### Data records
■ ■ ■ ■

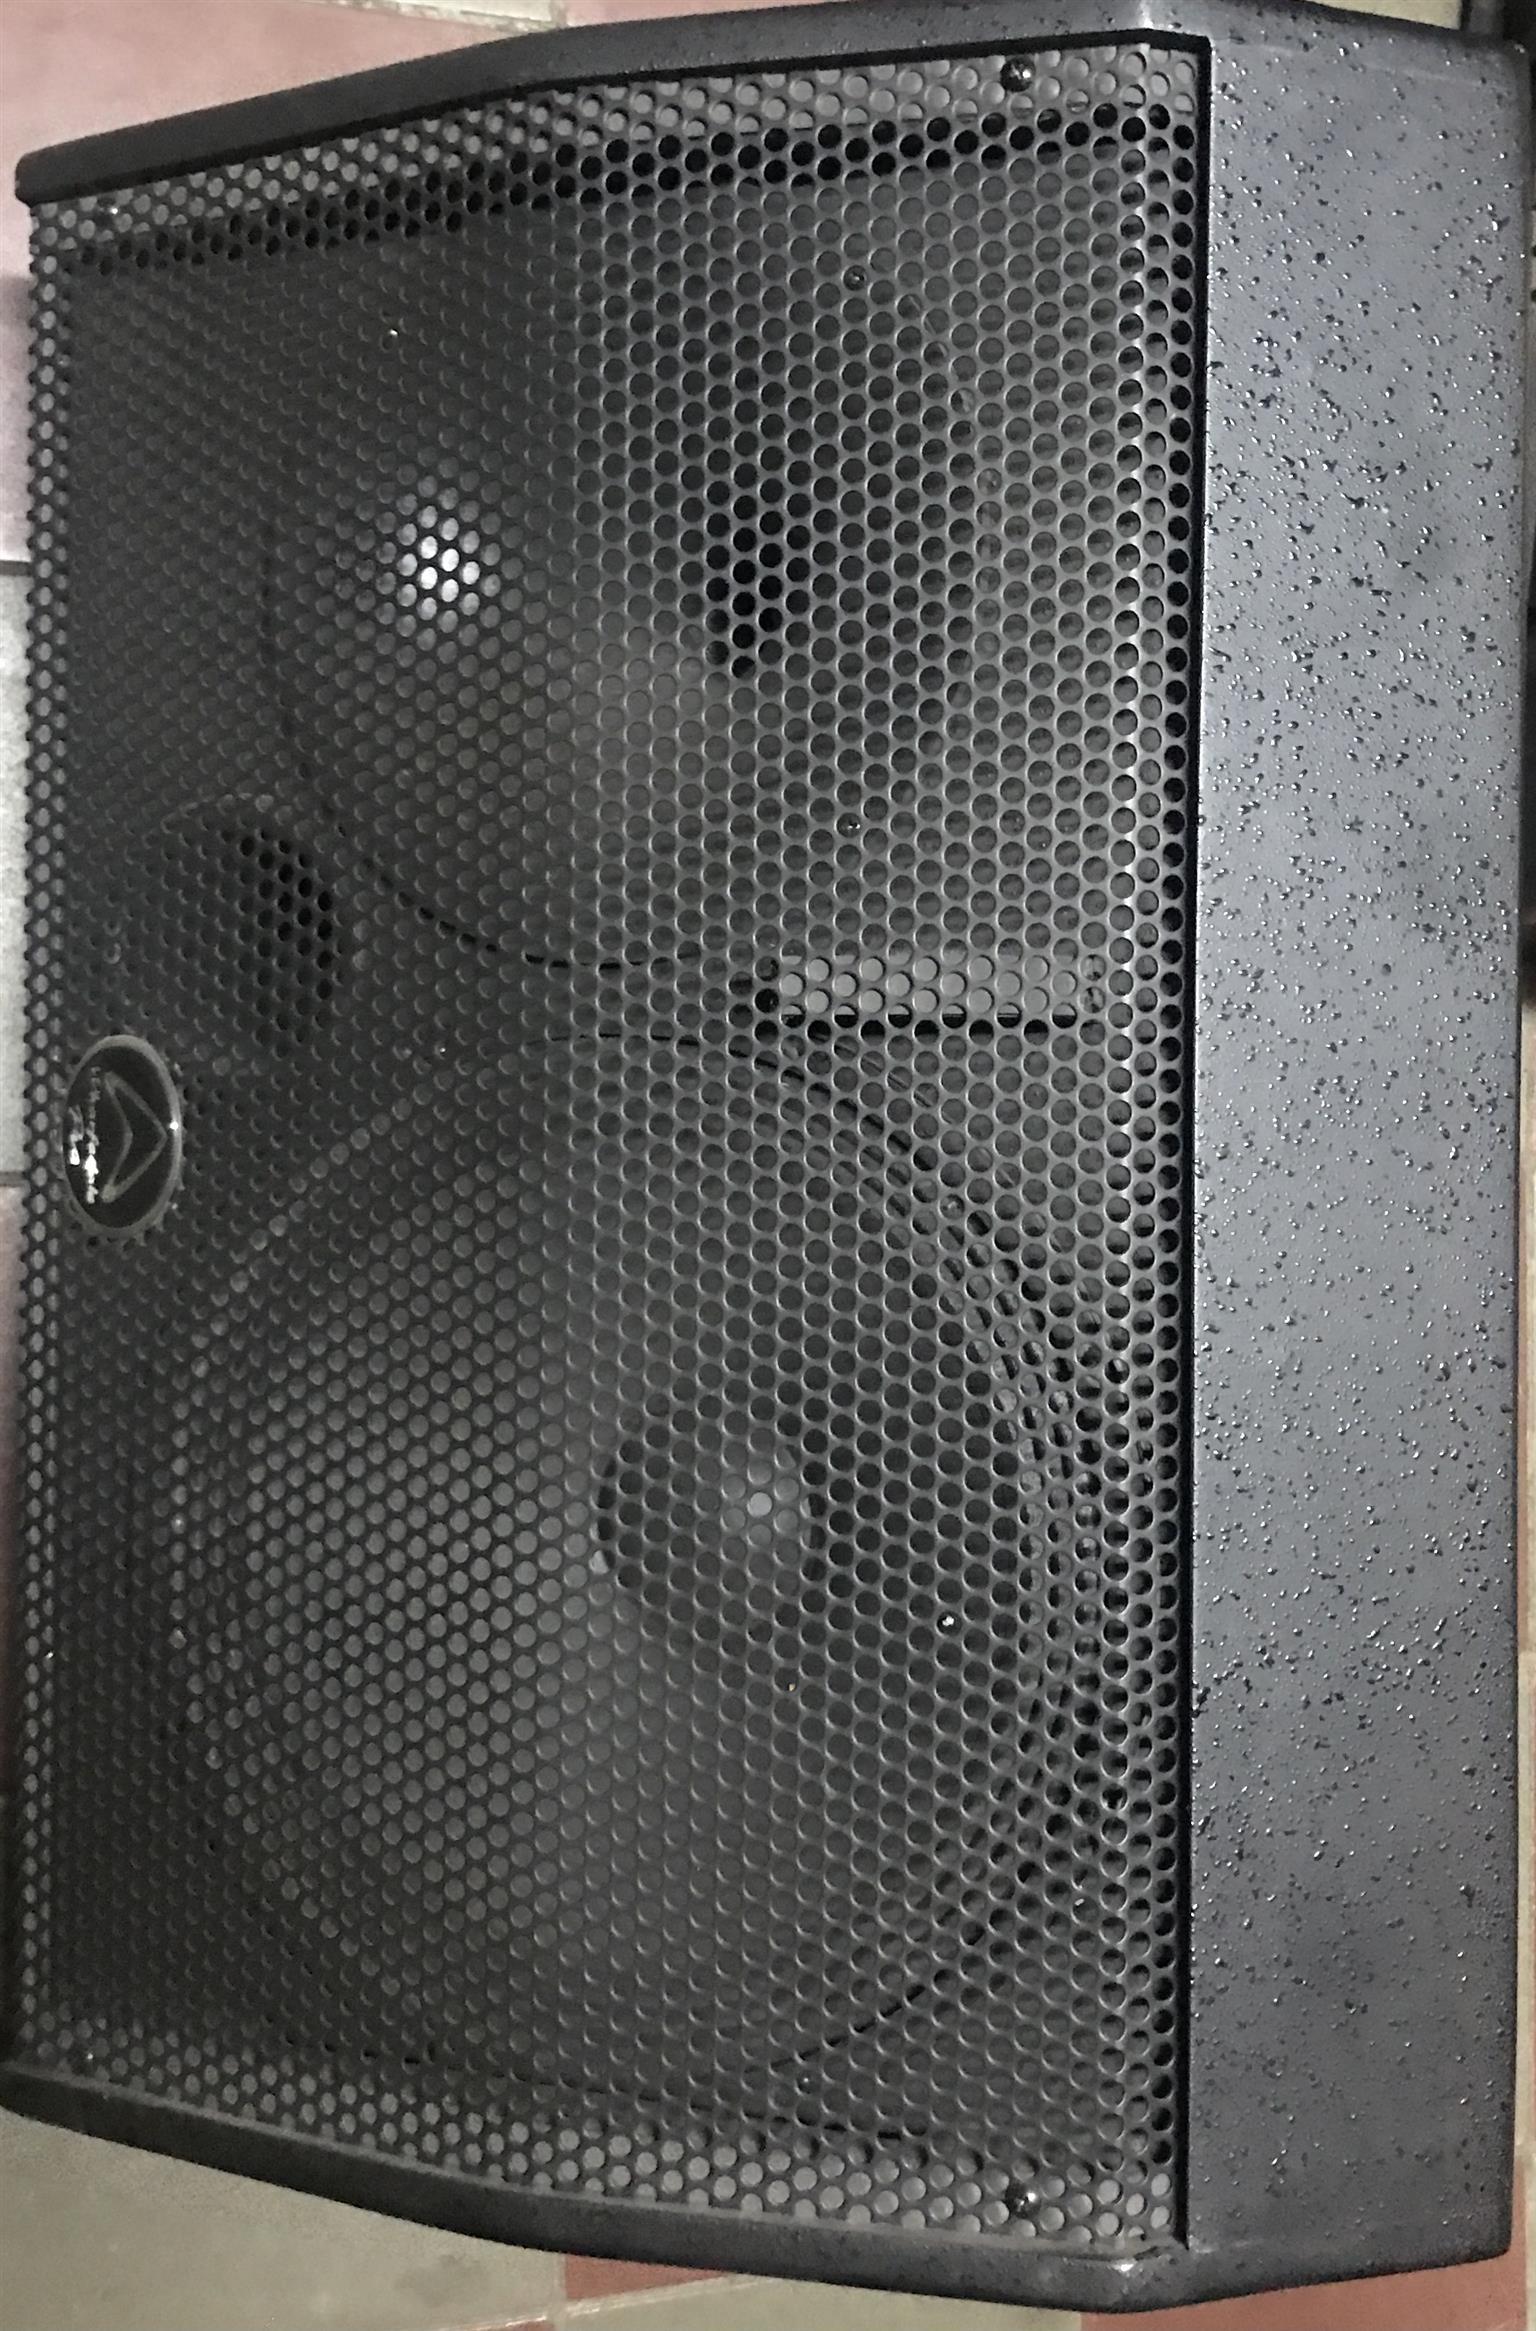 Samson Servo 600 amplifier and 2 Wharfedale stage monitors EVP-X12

■ ■ ■ ■

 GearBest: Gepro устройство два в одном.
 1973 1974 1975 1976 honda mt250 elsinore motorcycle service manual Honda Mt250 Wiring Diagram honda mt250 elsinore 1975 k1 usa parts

■ ■ ■ ■

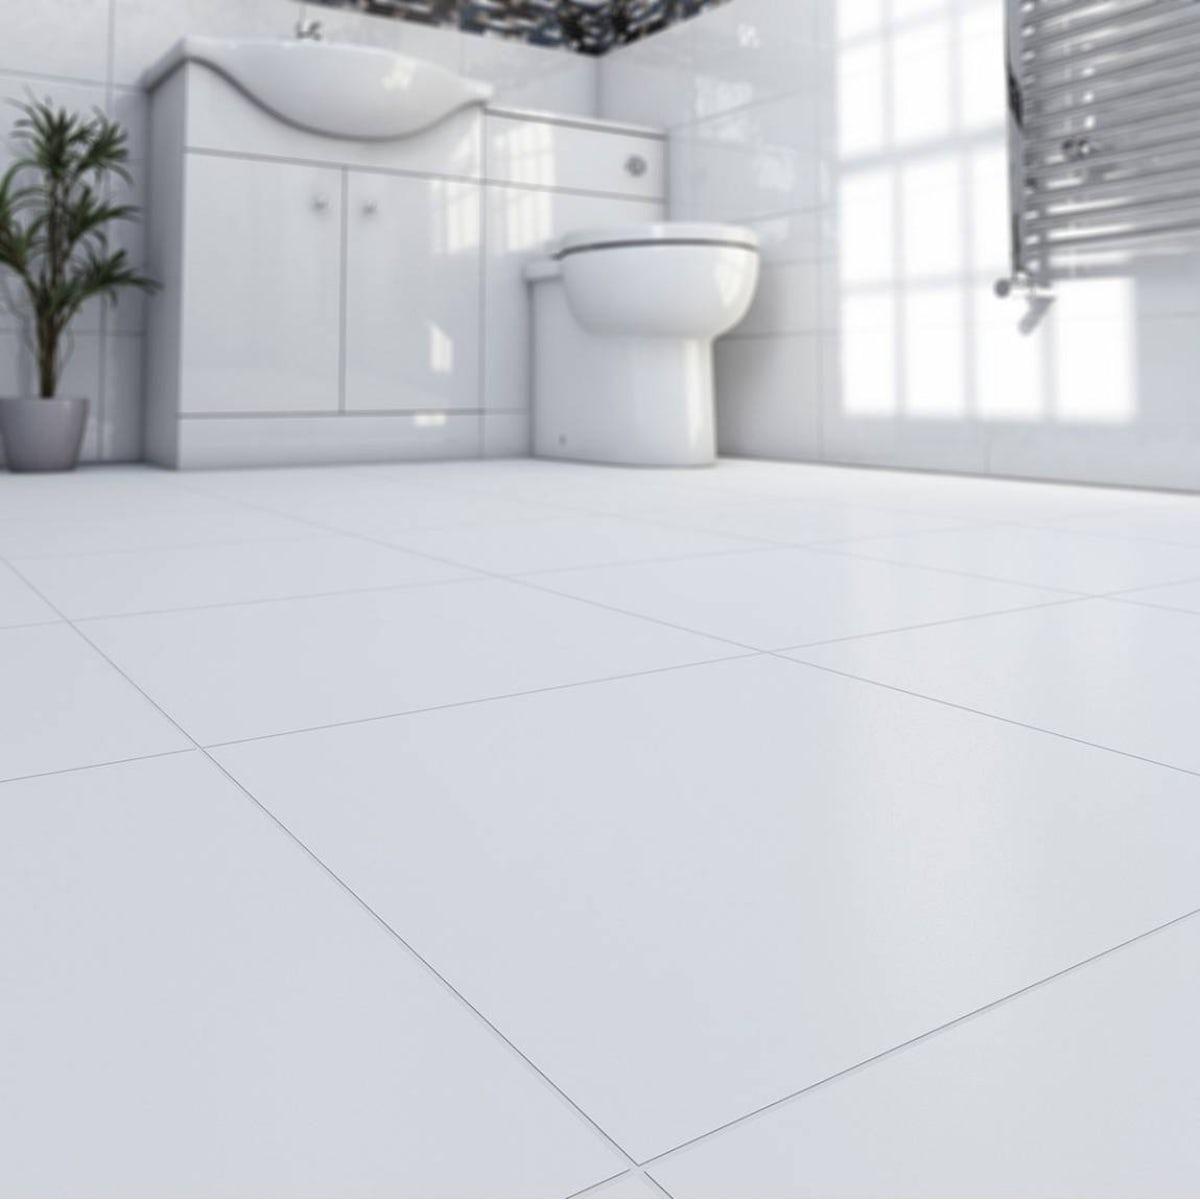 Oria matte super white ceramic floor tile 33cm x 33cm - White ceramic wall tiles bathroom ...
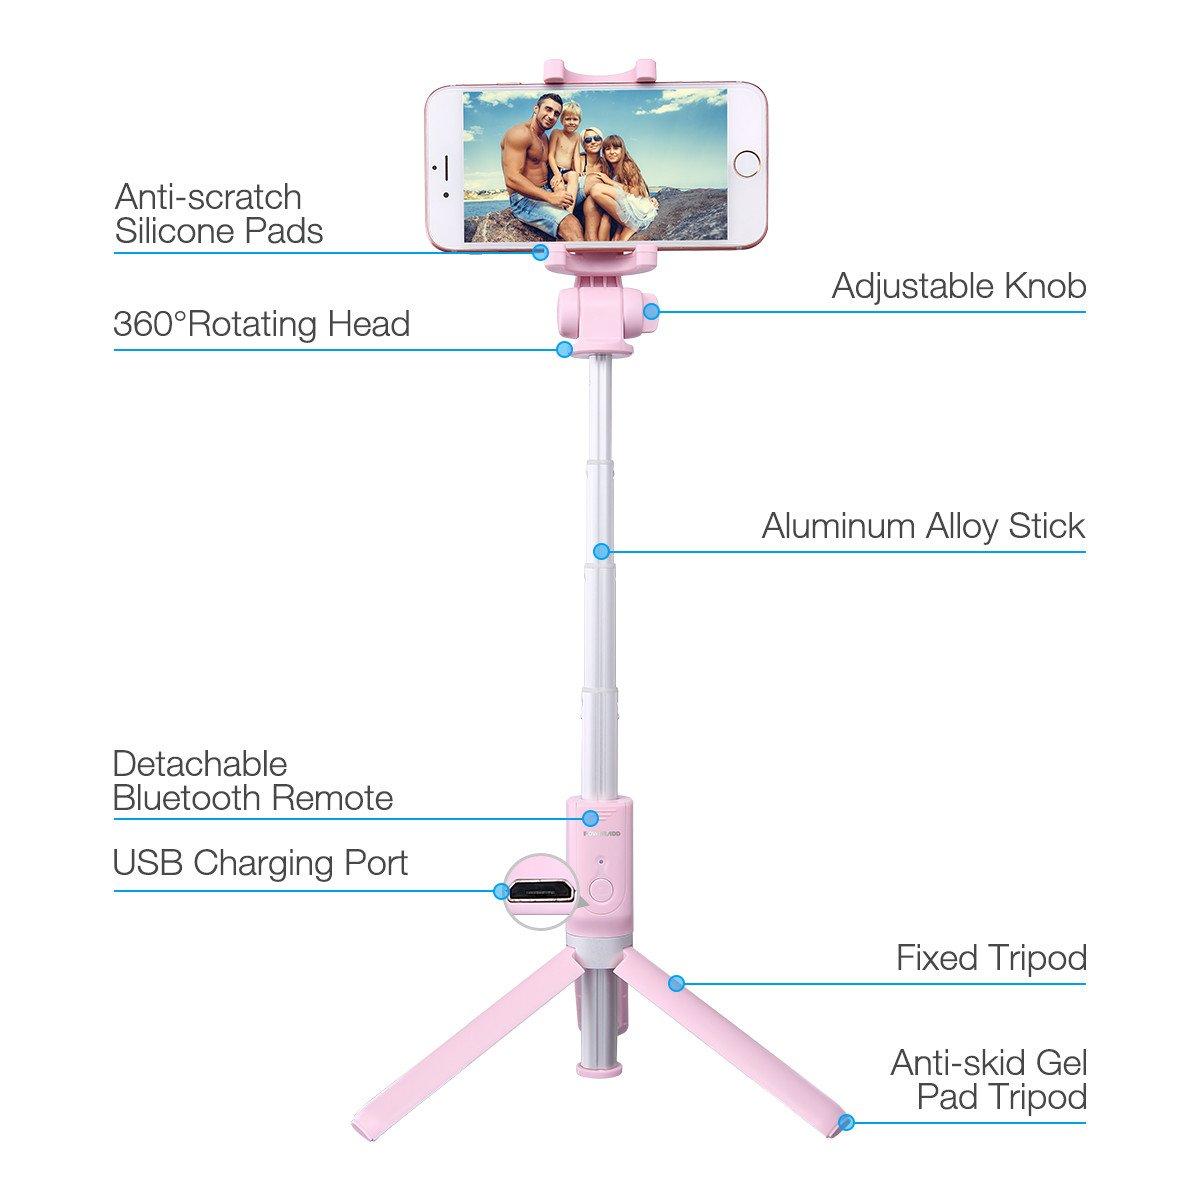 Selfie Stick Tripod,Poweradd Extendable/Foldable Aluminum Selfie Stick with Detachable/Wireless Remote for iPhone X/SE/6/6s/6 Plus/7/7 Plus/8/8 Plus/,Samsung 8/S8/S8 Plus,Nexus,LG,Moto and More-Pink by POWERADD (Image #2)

■ ■ ■ ■

### Required action
Where the listing above reaches the line that contains "GearBest: Gepro устройство два в одном.", start retyping, and finish with the line that contains "1973 1974 1975"; reproduce those lines exactly and no others.

### Answer to this exercise
 GearBest: Gepro устройство два в одном.
 1973 1974 1975 1976 honda mt250 elsinore motorcycle service manual Honda Mt250 Wiring Diagram honda mt250 elsinore 1975 k1 usa parts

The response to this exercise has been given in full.